Литературный журнал
№37
ОКТ

Анатолий Васильев – Гимн полистилистике

(о стихотворении Нины Искренко)

Нина Искренко широко известна в узких саратовских кругах. Родилась она в городе Петровск Саратовской области, однако считать это имя региональным достоянием неправильно. В середине 1980-х Нина Искренко была членом клуба «Поэзия», в который входили главные поэты конца XX века: Дмитрий Александрович Пригов, Алексей Парщиков, Александр Ерёменко, Иван Жданов, Лев Рубинштейн, Сергей Гандлевский и другие.

Задолго до клуба эти имена объединила поэтическая студия Кирилла Ковальджи, сформировавшаяся в 1980 году при журнале «Юность», в котором он заведовал отделом критики. Благодаря ему и состоялись первые публикации Нины Искренко и других поэтов клуба в журнале «Юность». В дальнейшем её стихи печатались в альманахах «Поэзия» и «День поэзии», журналах «Аврора» и «Волга». На 1990-е приходится период наиболее активной деятельности Нины Искренко: в 1991 выходят в свет её первые сборники «Или», «Референдум» (оба ‒ в Москве) и «Несколько слов» (в Париже); она готовит собрание стихотворений, организует публичные поэтические акции, читая стихи в метро и палеонтологическом музее, электричке «Москва ‒ Петушки» и в первом в Советском Союзе «Макдональдсе»[1]. Казалось, вот-вот, и это будет одна из самых значимых и самобытных фигур современности. Но обнаруженный случайно в ходе рядового обследования рак груди не позволил поэтессе воплотить планы в жизнь. В 1995 году Нина Искренко скончалась.

За прошедшие 30 лет о Нине Искренко написаны статьи в Большой российской энциклопедии, журналах «Prosodia», «Формаслов», «Знамя», «Новое литературное обозрение». Поэт, журналист Андрей Сокульский посвятил ей главу в антологии саратовской поэзии, а Надя Делаланд ‒ книгу «Сказочная биография Нины Искренко». Ряд немногочисленный, и, кажется, среди вершинных имён постсовестского авангарда Нину Искренко легко не заметить. Но, по воспоминаниям Евгения Бунимовича, этого не случилось:
«Нина Искренко выламывалась из всех рамок, с редкой грацией и свободой мешала в стихах трамвайную лексику с библейской, она отстаивала право на ошибку, сбивала ритм, теряла рифмы и знаки препинания, писала поперек и по диагонали, оставляла пробелы, зачеркивания, оговорки и проговорки, говорила на своем, только ей присущем языке»[2].

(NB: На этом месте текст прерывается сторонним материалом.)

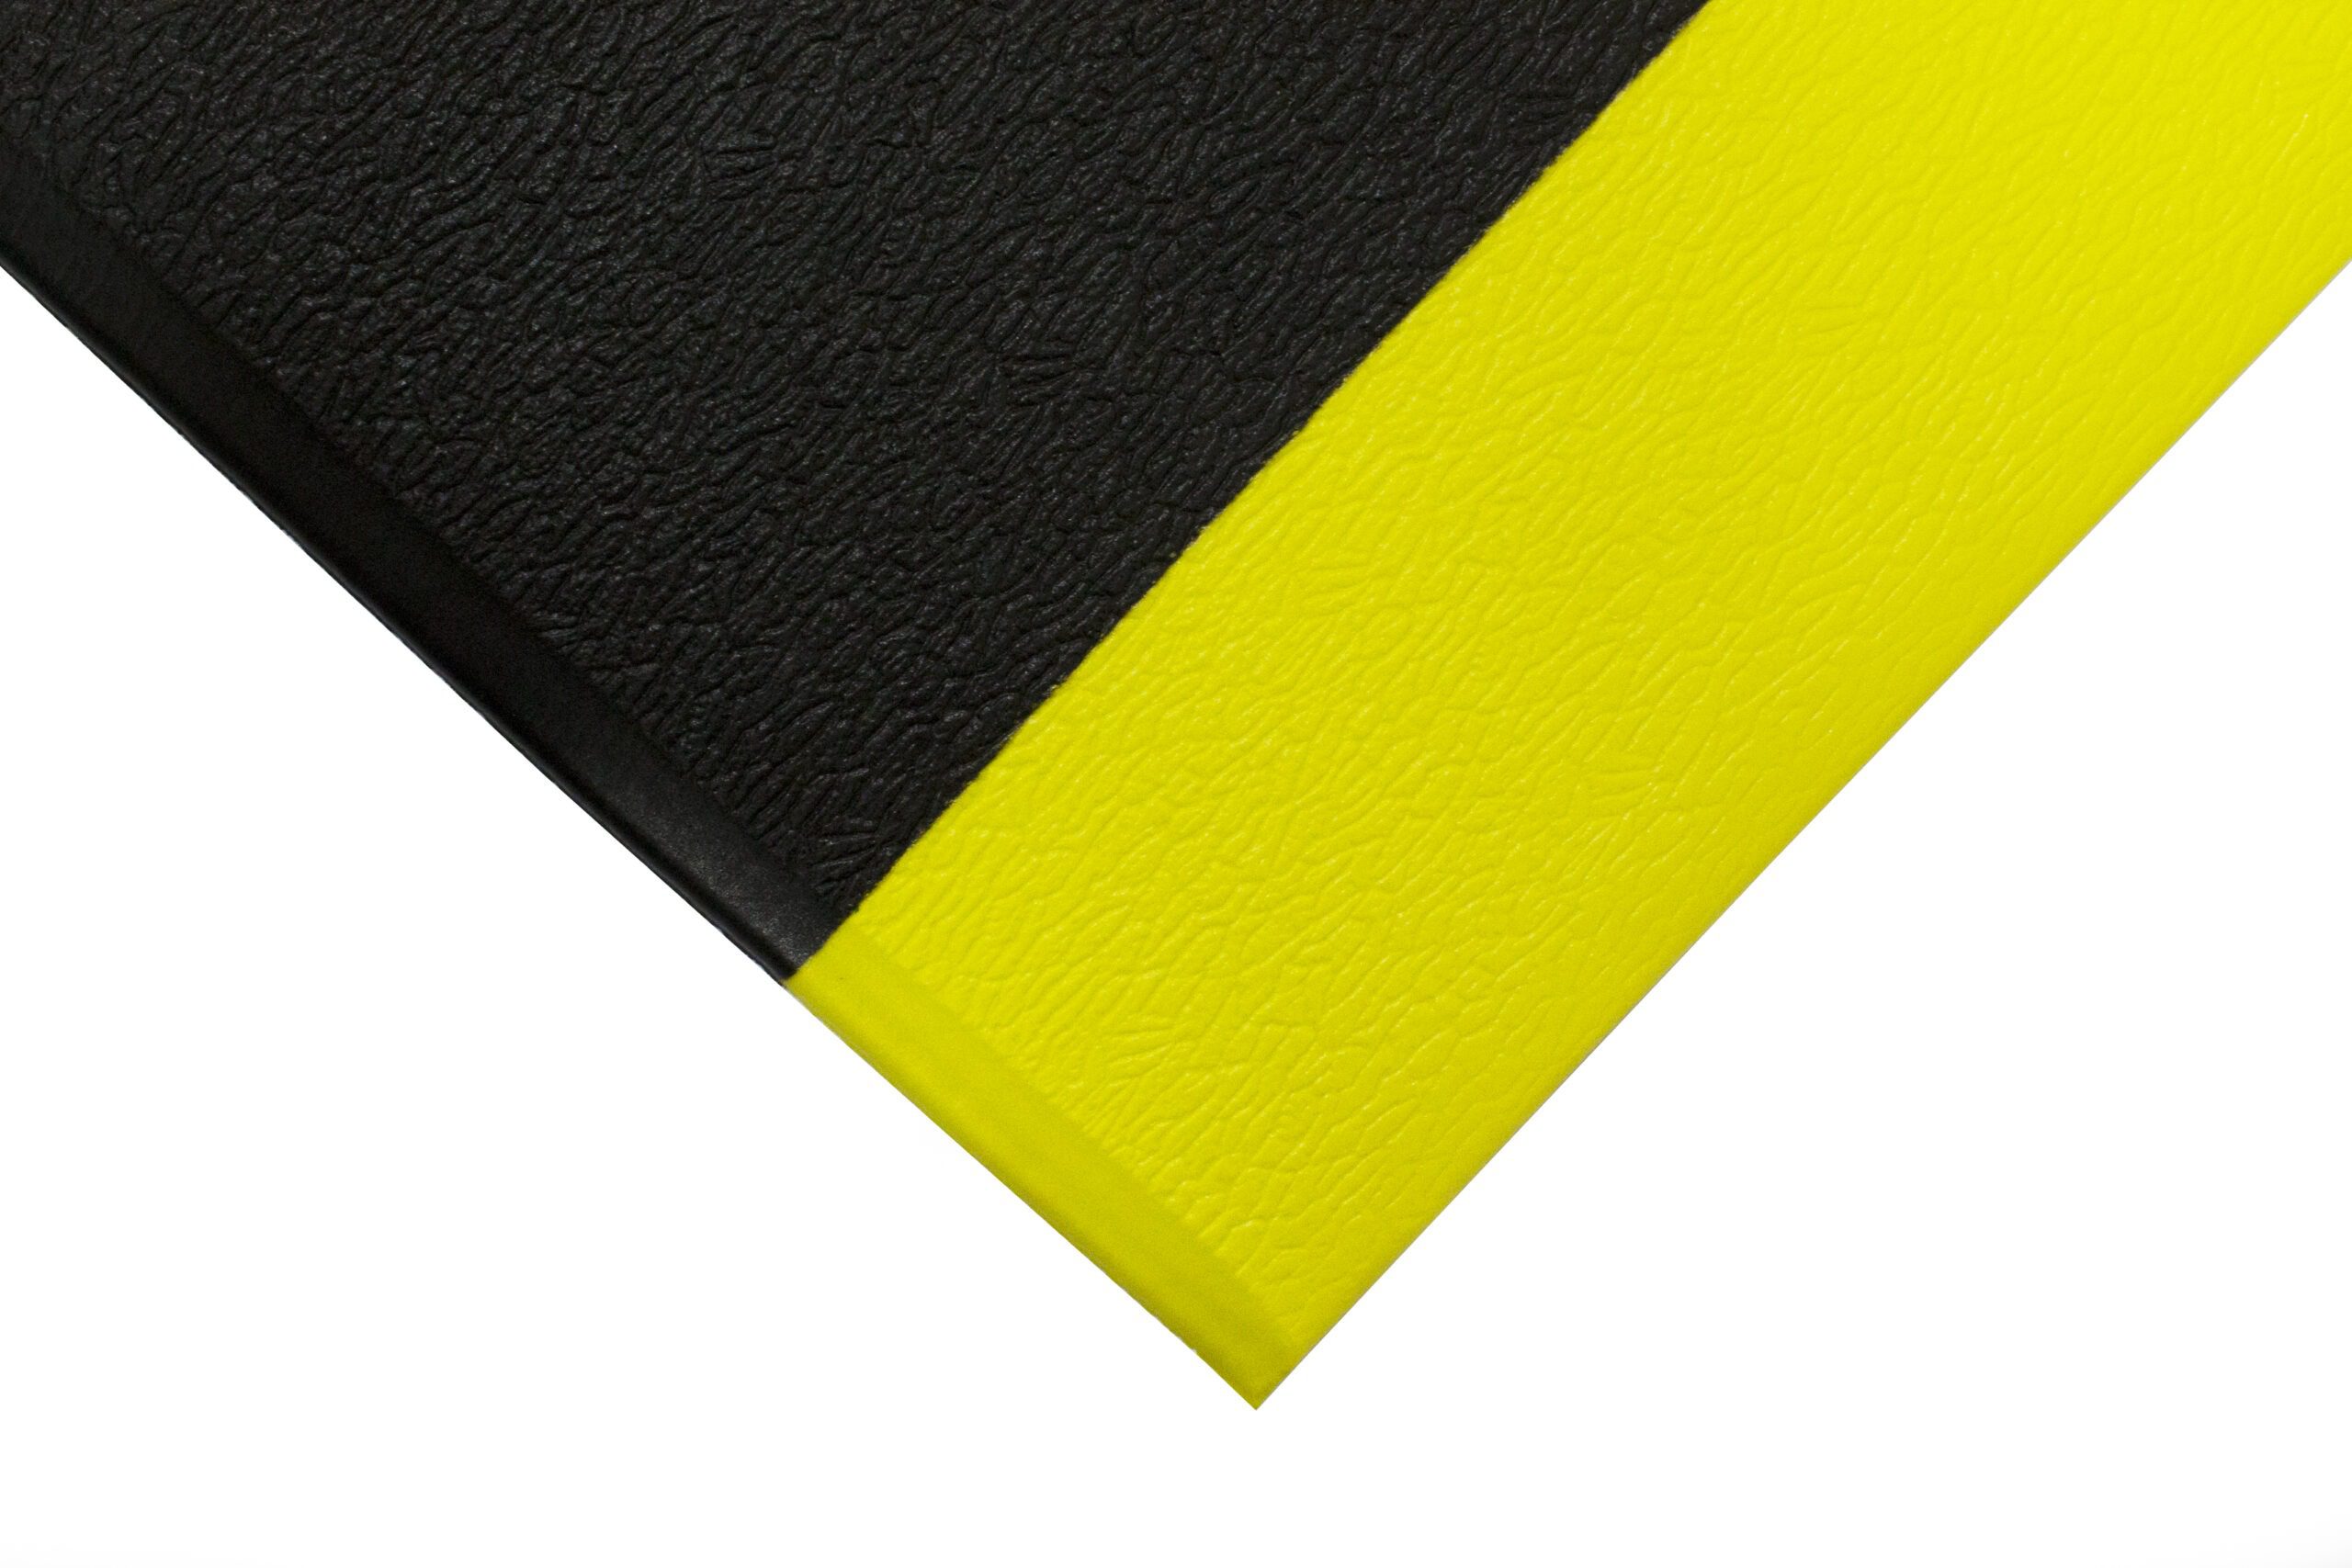 Orthomat Standard Safety - Black/Yellow

Такое позиционирование не нашло сторонников при жизни. Она всегда сталкивалась с «вечным непониманием и разладом с читателем, слушателем, неизменными записками из зала: “Вы думаете, что это поэзия?!”, небрежением и невниманием критики»[3]. Всё новое, размывающее общепринятые границы вызывает отторжение на инстинктивном уровне. Только спустя время ясно, почему и зачем подобное возникает в искусстве.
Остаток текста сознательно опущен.